__What is expected__
Every line below needs to be printed again exactly, without any of its pictures.

======== Data excerpt

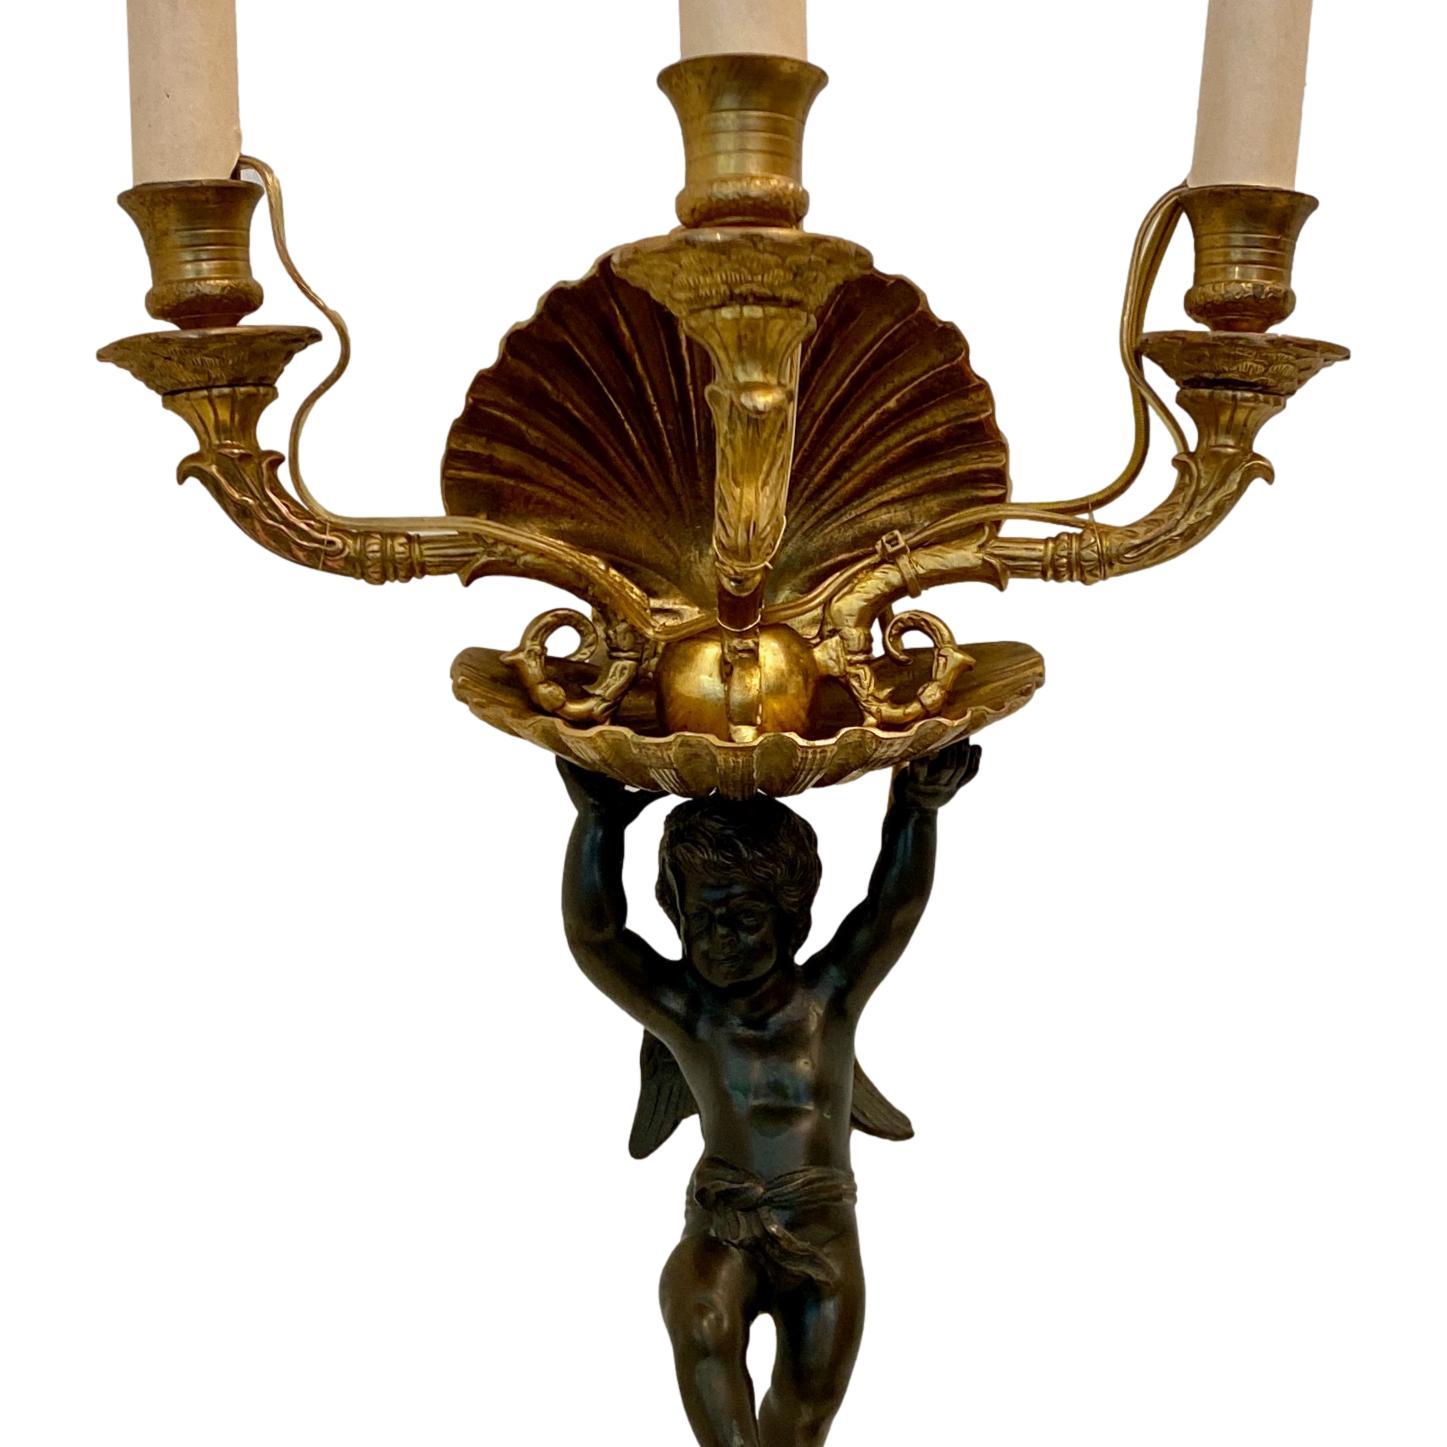 A circa 1900 gilt bronze electrified candelabra with cherub and shell motif.

Measurements:
 Total Height: 21

================

__Expected output__
 A circa 1900 gilt bronze electrified candelabra with cherub and shell motif.

Measurements:
 Total Height: 21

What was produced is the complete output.